# Gewässerkarte für die Niederlande



## canim84 (22. Juni 2009)

hi,

ich habe vor 4 tagen einen vispas in wesel (deutscher angelladen) gekauft.
das letzte mal wo ich mir eine vergunning gekauft habe, ist ca 5 jahre her. damals habe ich immer eine deutsche übersetzung bekommen und eine ausführliche gewässerkarte mit alle eingezeichneten erlaubten gewässern. hab sie immer in venlo gekauft.

jetzt wollte ich am wochenende nach holland, doch ich blicke überhaupt garnicht mehr durch die gewässer durch, bzw durch die karten, die ja keine karten sind, sondern nur listen mit namen. auch ist restlos alles auf holländisch gehalten, sodass ich überhaupt nicht weiss, wo ich nun angeln darf und wo nicht.
es ist zum verzweifeln.

gibt es noch sowas wie eine gewässerkarte wo die erlaubten gewässer gekenzeichet sind, oder eine deutsche übersetzung des vispas´s!?

und noch etwas. ich habe nun schon von einigen holländern und auch deutschen gesagt bekommen, dass es wohl kaum noch fisch in den gewässern gibt. ist da was dran? 

zum schluss würde mich noch interessieren, wo ihr in holland angelt und auf was ihr fischt. 

liebe grüsse

jana


----------



## totaler Spinner (23. Juni 2009)

*AW: Gewässerkarte für die Niederlande*

|welcome:

So eine Gewässerkarte ist mir nicht bekannt.
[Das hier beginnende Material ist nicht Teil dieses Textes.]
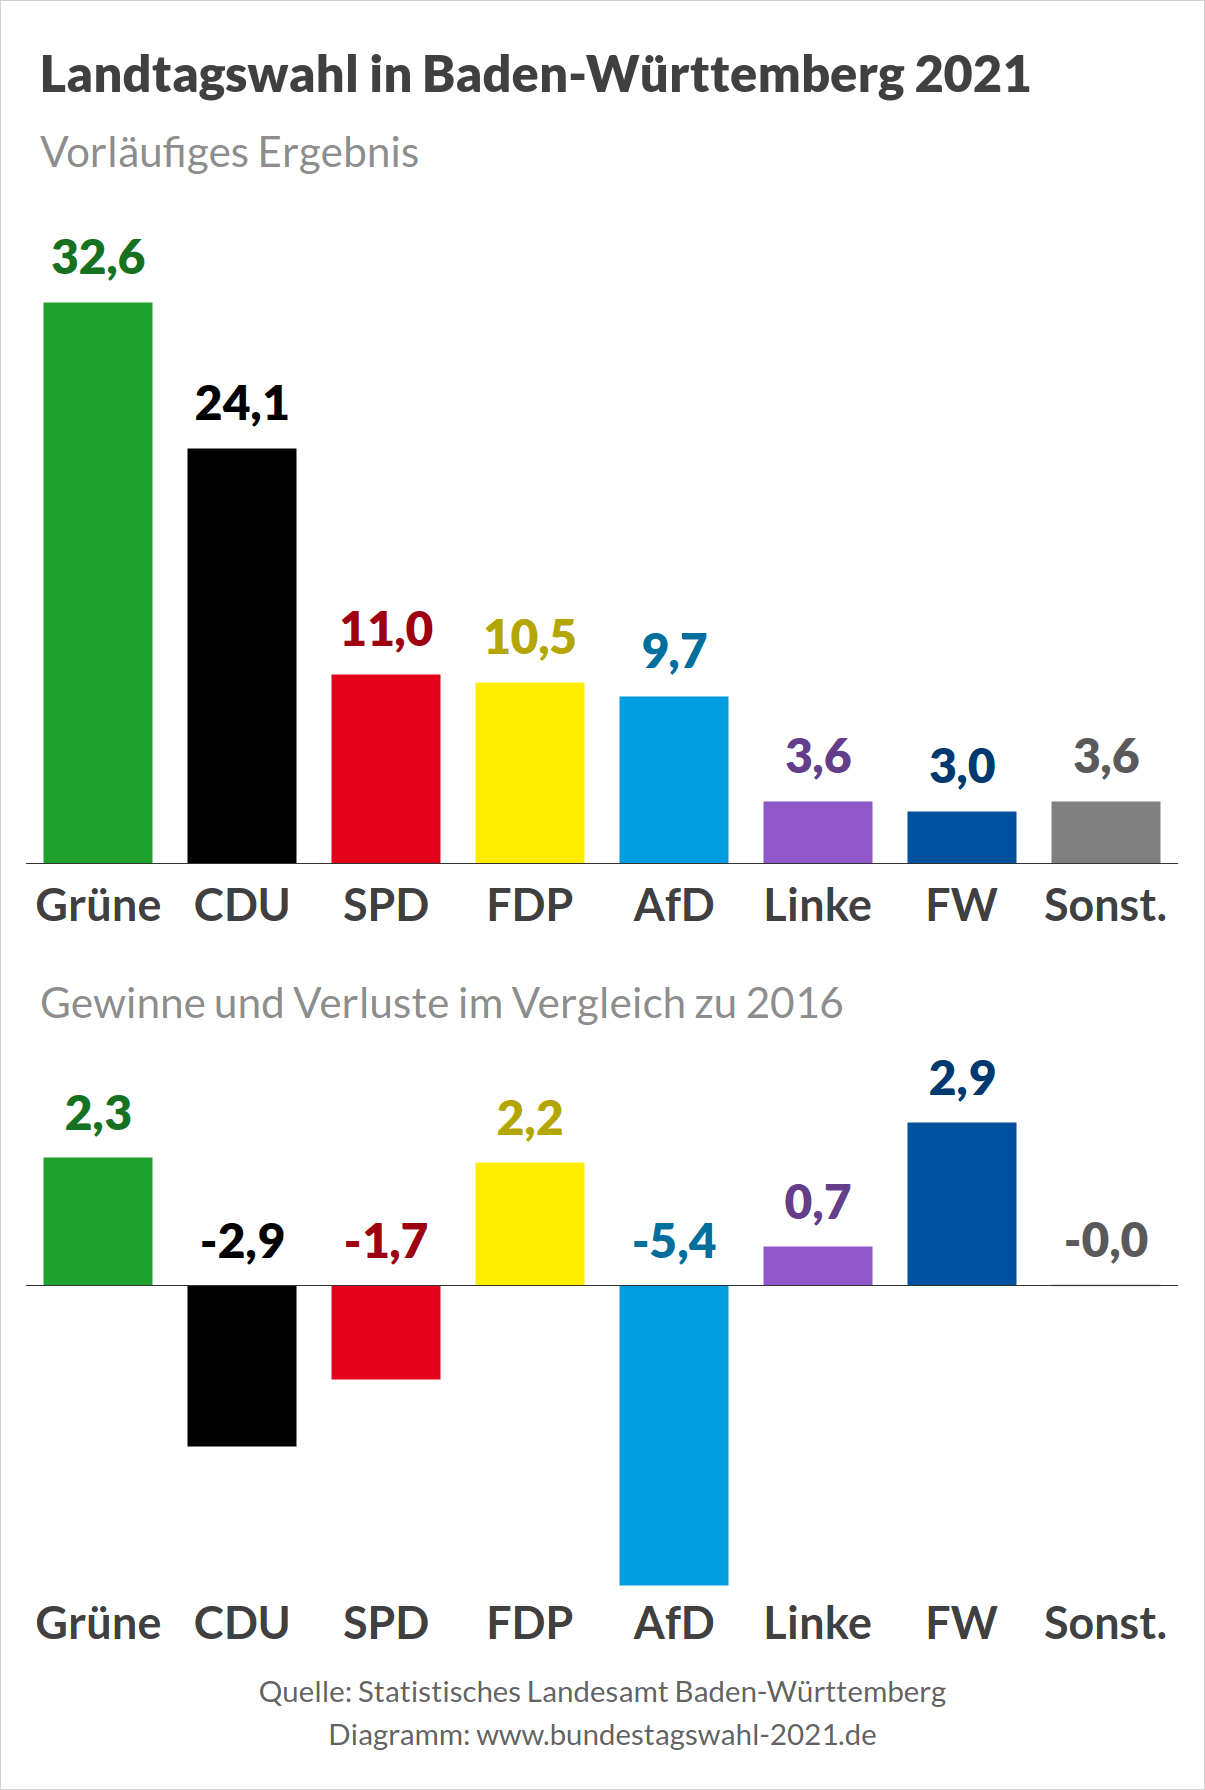 Ergebnis der Landtagswahl in Baden-Württemberg 2021 - Vorläufiges Wahlergebnis

Wichtig ist den Namen des Gewässers zu kennen das beangelt werden soll und dann zu schauen ob es in der lijst aufgeführt ist. Meist ist es nicht schwer schon einiges ins deutsche zu übersetzen, z.B.: _Nachtvissen is verboden oder _Er geldt een betreed- en een visverbod voor:… Wenn sich einiges nicht übersetzen läst oder unklar ist kannst du bei deinem Verein oder bei der Sportvisserij Nederland per E-Mail nachfragen:
http://www.sportvisserijnederland.nl/vispas/deutsch/?page=fragen?
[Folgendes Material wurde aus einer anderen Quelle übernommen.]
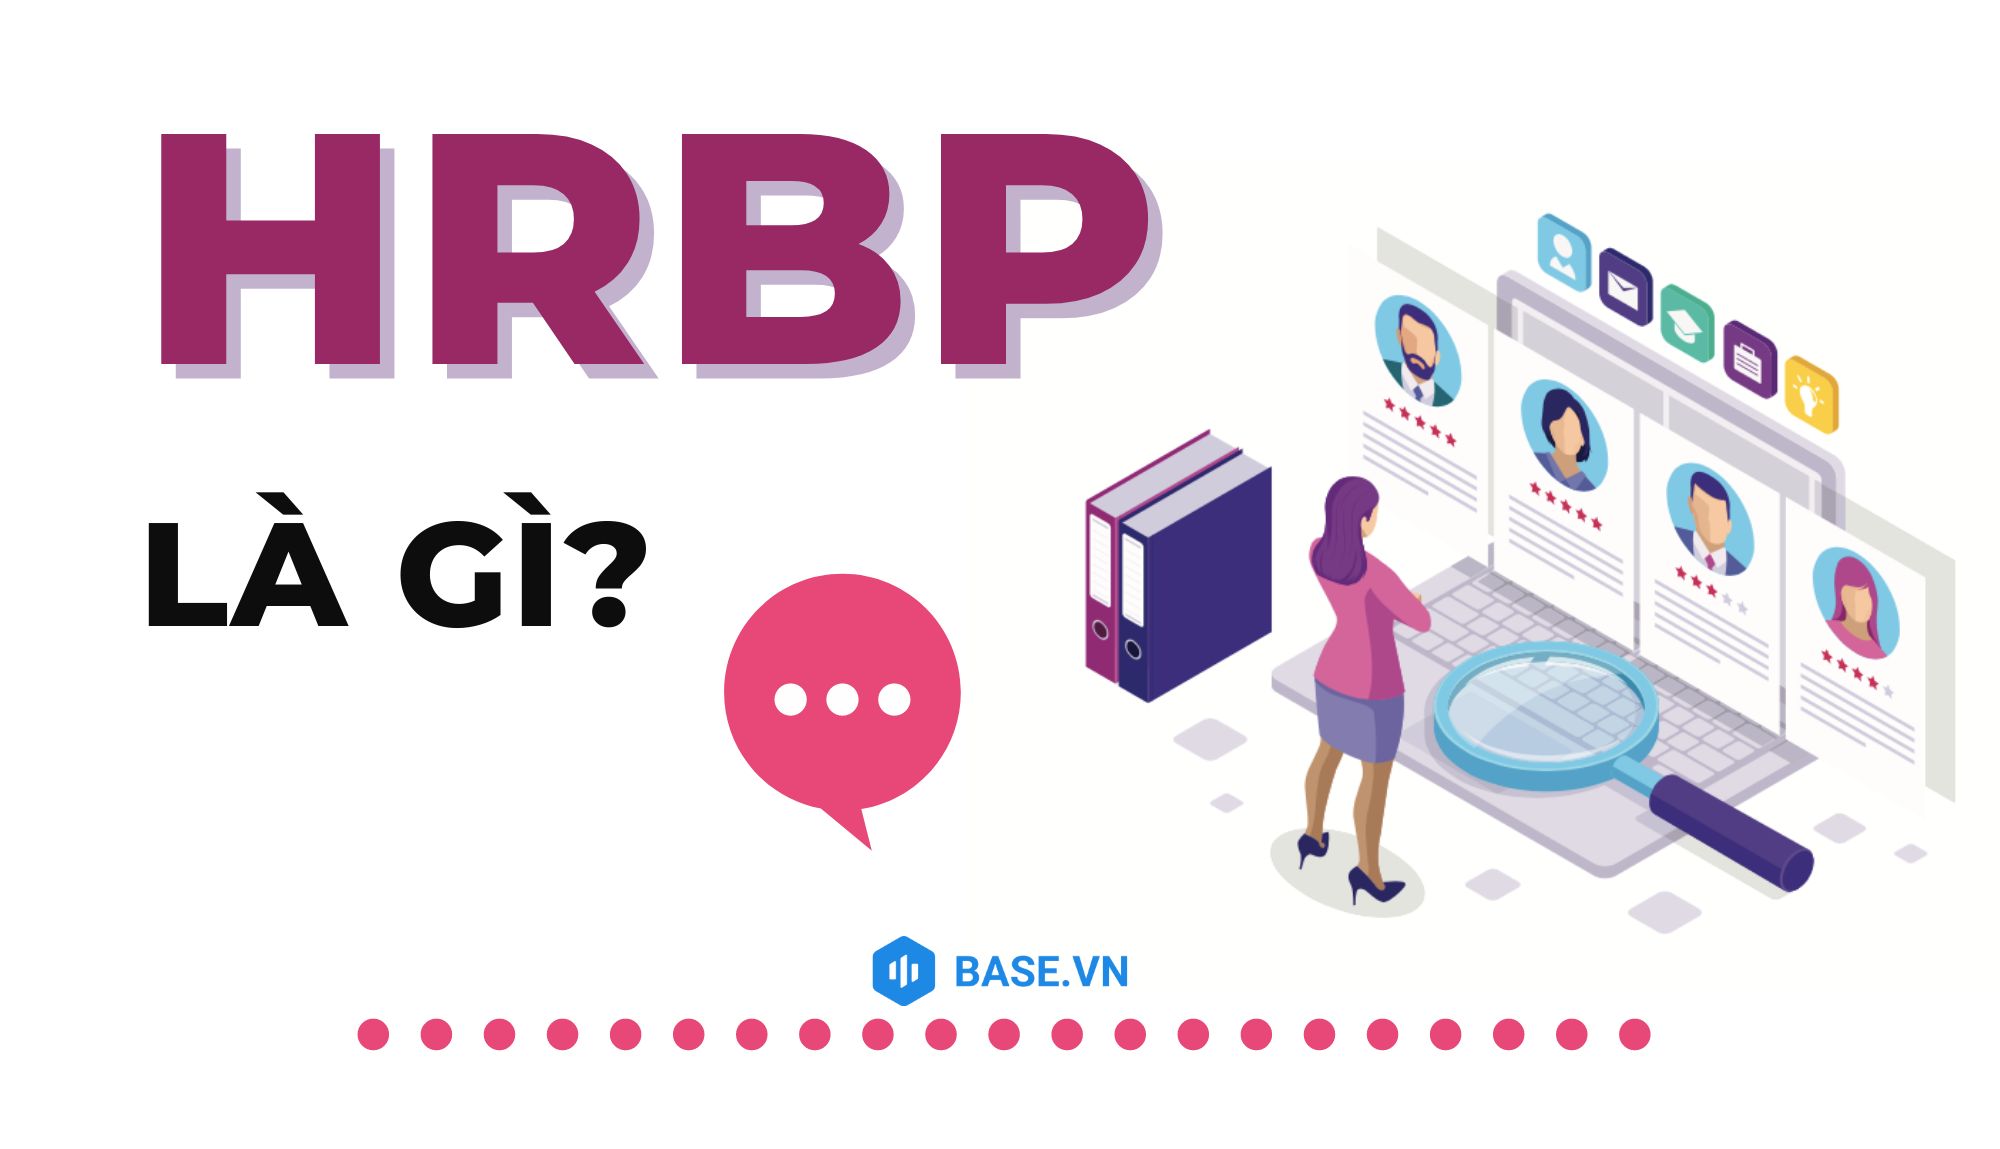 HRBP là gì?

Der Fischbestand ist schon recht rückläufig, besonders in den Grenznahen Gebieten wie den Maasplassen und wenn ich mir die Fangmeldungen hier im Board anschaue glaube ich nicht das in NL wesentlich mehr gefangen wird wie in D.


----------



## canim84 (23. Juni 2009)

*AW: Gewässerkarte für die Niederlande*

vielen dank für deine antwort.

ich fand es echt schlimm, wir waren eben in holland und dort war eine schöne stelle, aber nirgends ein gewässerschild.
da die strafen ja doch recht hoch sind, haben wir eben solange gesucht, bis wir dann ein gewässer mit namen gefunden haben und haben einen deutschen angler gefragt.

aber das kanns ja nicht sein.
bei der damaligen vergunning gabs immer eine gewässerkarte mit dabei an der man sich bestens orientieren konnte und eben das wichtigste auf deutsch.
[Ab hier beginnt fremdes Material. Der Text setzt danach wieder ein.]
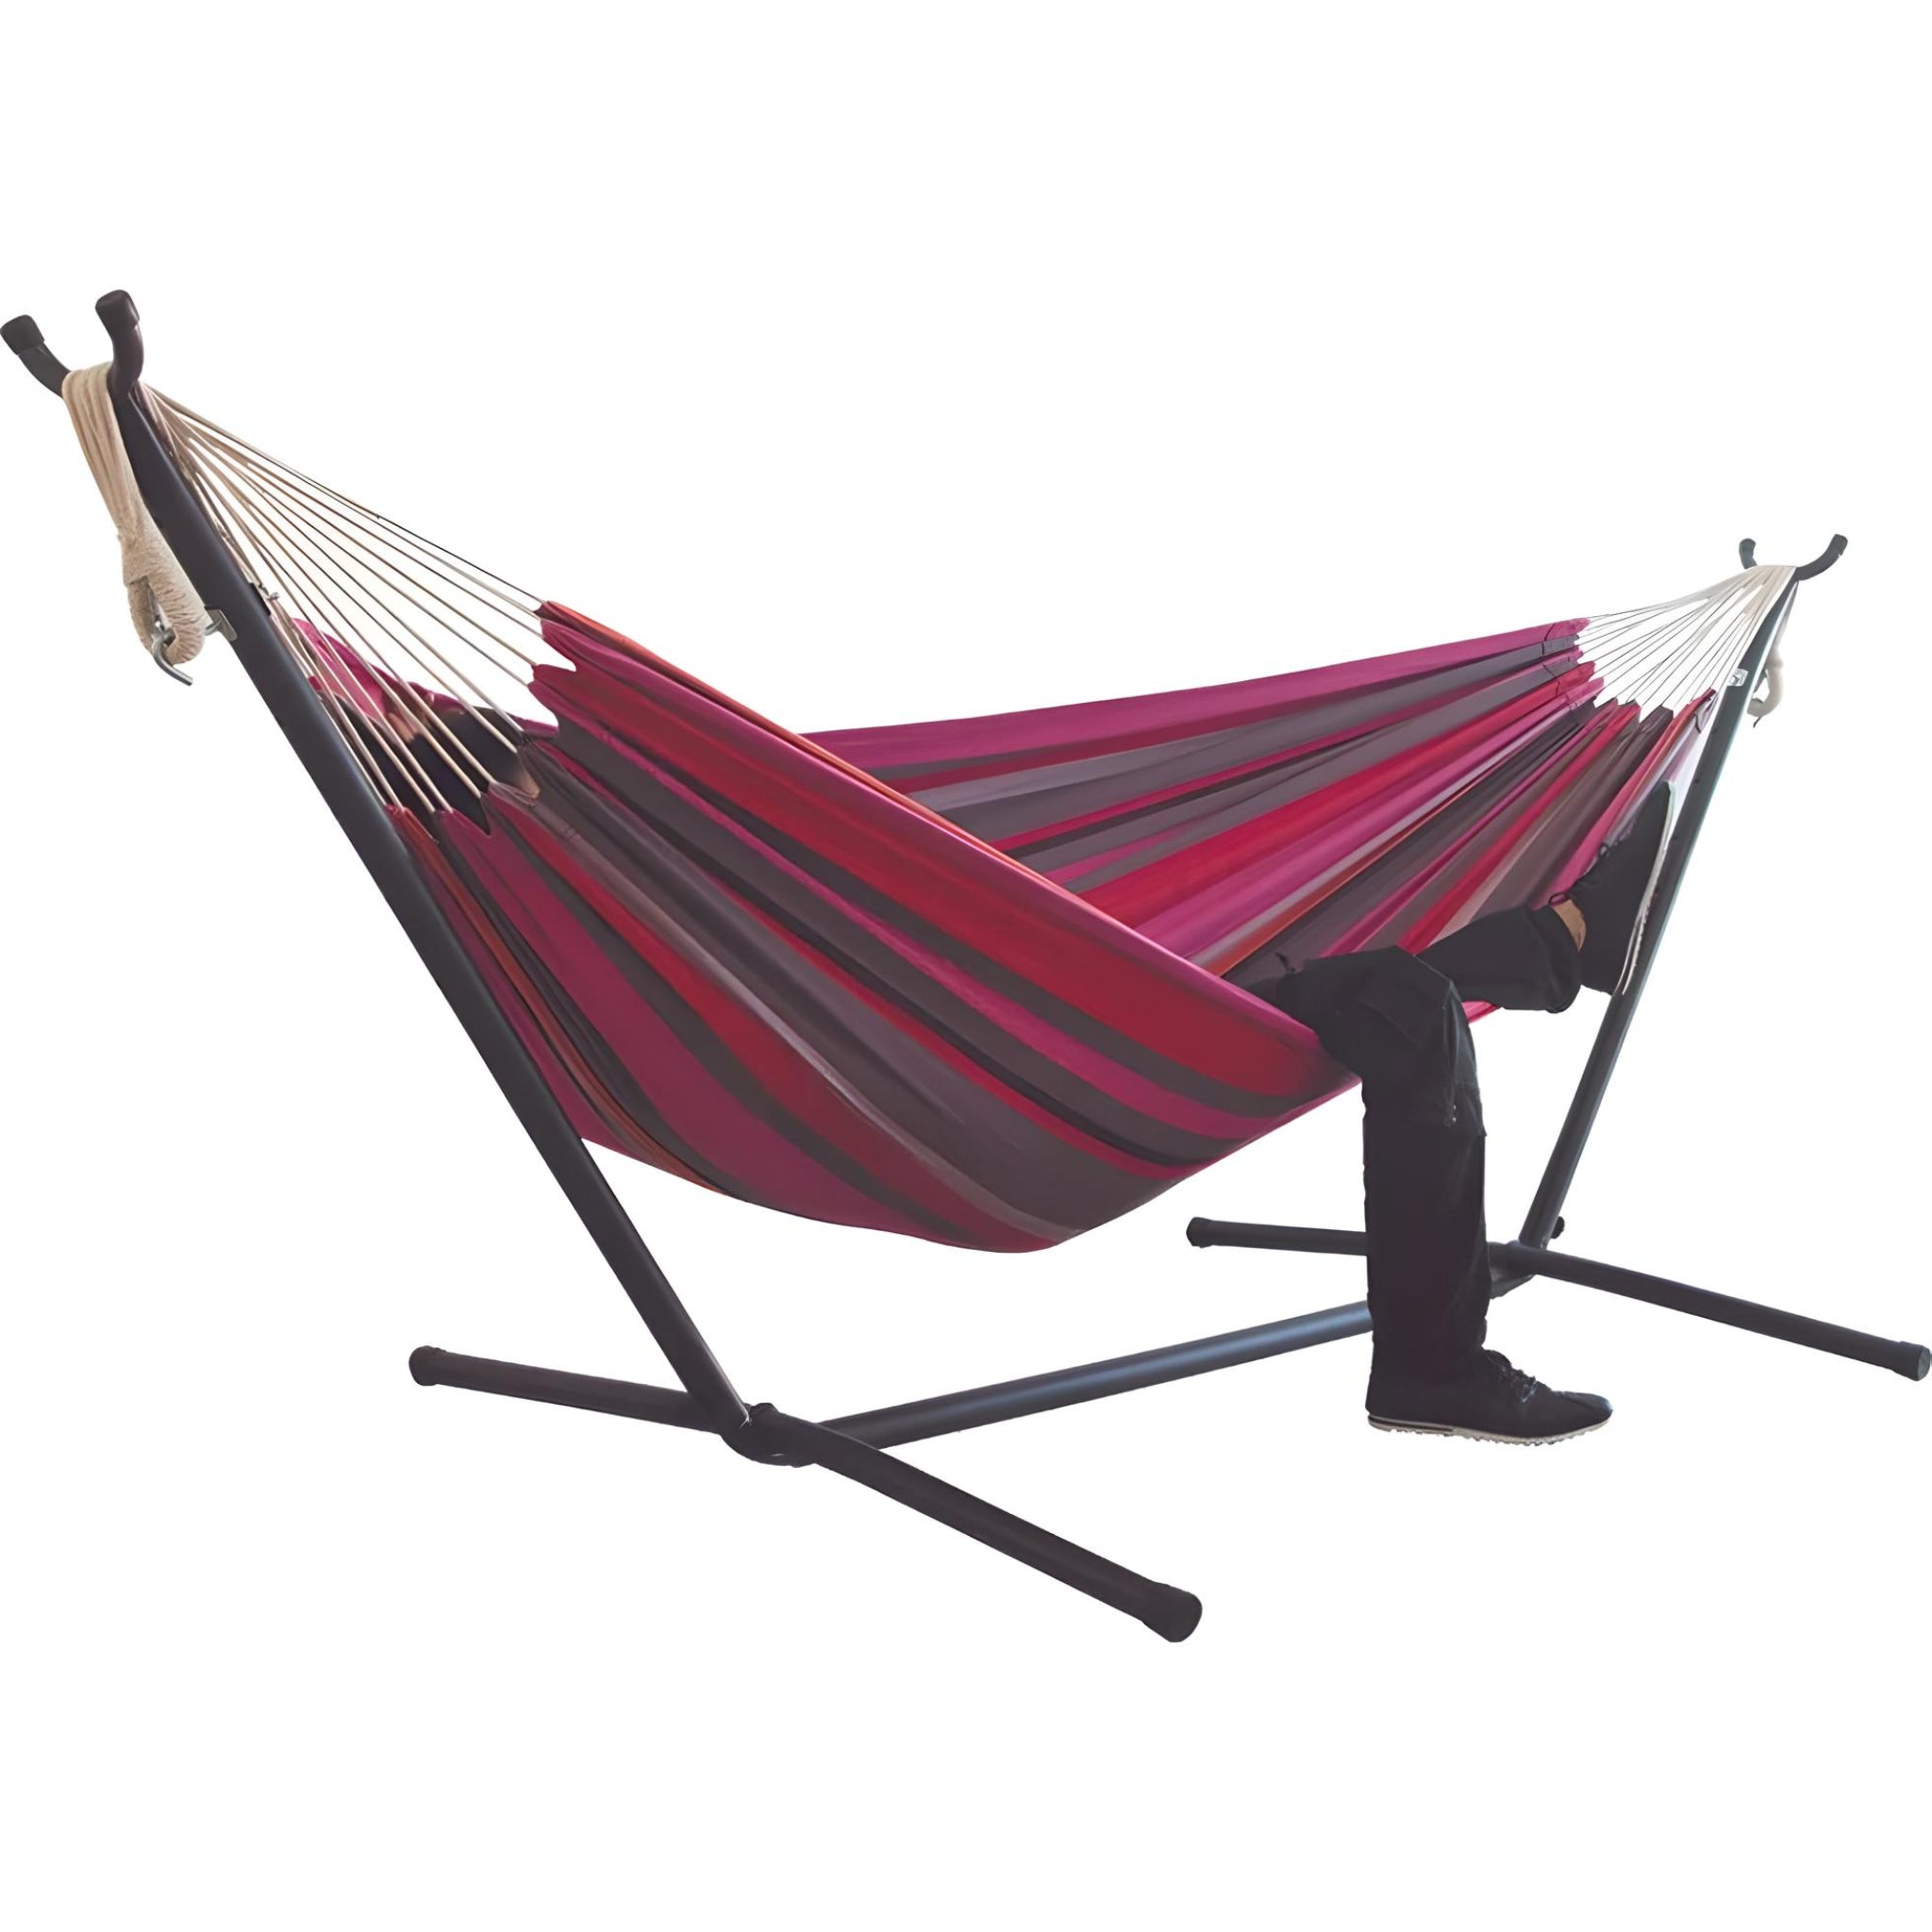 large-hammock-bed-red-black-color

alle seiten die es über den vispas gibt, kenne ich eigentlich schon, aber helfen tun sie mir nicht wirklich, da es eben meistens nur um grundlegende regeln geht.
die schwierigkeit ist eben meist der name des gewässers, der nirgendwo steht.
wir haben z.b. eine stelle gefunden, die einem angelverein zugeschrieben war. wir haben dann in unsere liste geschaut, wo er stand, aber wir wussten eben nicht, ob er drin stand, weil man sich dort eine vergunning extra für den abschnitt kaufen muss, oder weil wir ihn beangeln dürfen.

so macht mir angeln dort keinen spass.
es muss doch sowas wie eine karte geben....


----------



## zanderzone (23. Juni 2009)

*AW: Gewässerkarte für die Niederlande*

Hier gibt es einige Infos:

http://www.angeln-in-den-niederlanden.de/

Du musst mal mit einigen Holländern sprechen.. die können einem gut helfen!
und eigentlich dartst du mit einer großen vergunning "fast" überall angeln!!!!


----------



## Ulli3D (23. Juni 2009)

*AW: Gewässerkarte für die Niederlande*

In der guten alten Zeit gab es außer dem Navi noch Landkarten und da stand dann auch bei Gewässern der Name dran. Such mal jemanden, der noch solche antiken Teile hat und auch noch lesen kann.:m


----------



## canim84 (23. Juni 2009)

*AW: Gewässerkarte für die Niederlande*

@zanderzone ja die seite kenne ich auch schon, trotzdem danke. an dem tag waren keine holländischen angler unterwegs, die ich hätte fragen können. 

@ulli das problem dabei ist, dass die karten nicht so einfach zu bekommen sind für die regionalen gebiete die ich emine. es ist dann viel zu allgemein gehalten.
ich habe bereits 2 holländische karten, aber die gewässer sind teils klein oder sehr unübersichtlich gekennzeichnet. 

ich suche eine karte mit dem schwerpunkt gewässer, so wie fahrradkarten, oder wanderkarten.


----------



## wilhelm (23. Juni 2009)

*AW: Gewässerkarte für die Niederlande*

Aktuelle Gewässerkarten bekommt du unter anderem bei deutschen yachtverband.
Oder aber im Bootszubehör als Navigationskarten, sind aber nicht ganz billig.
Gruß Wilhelm


----------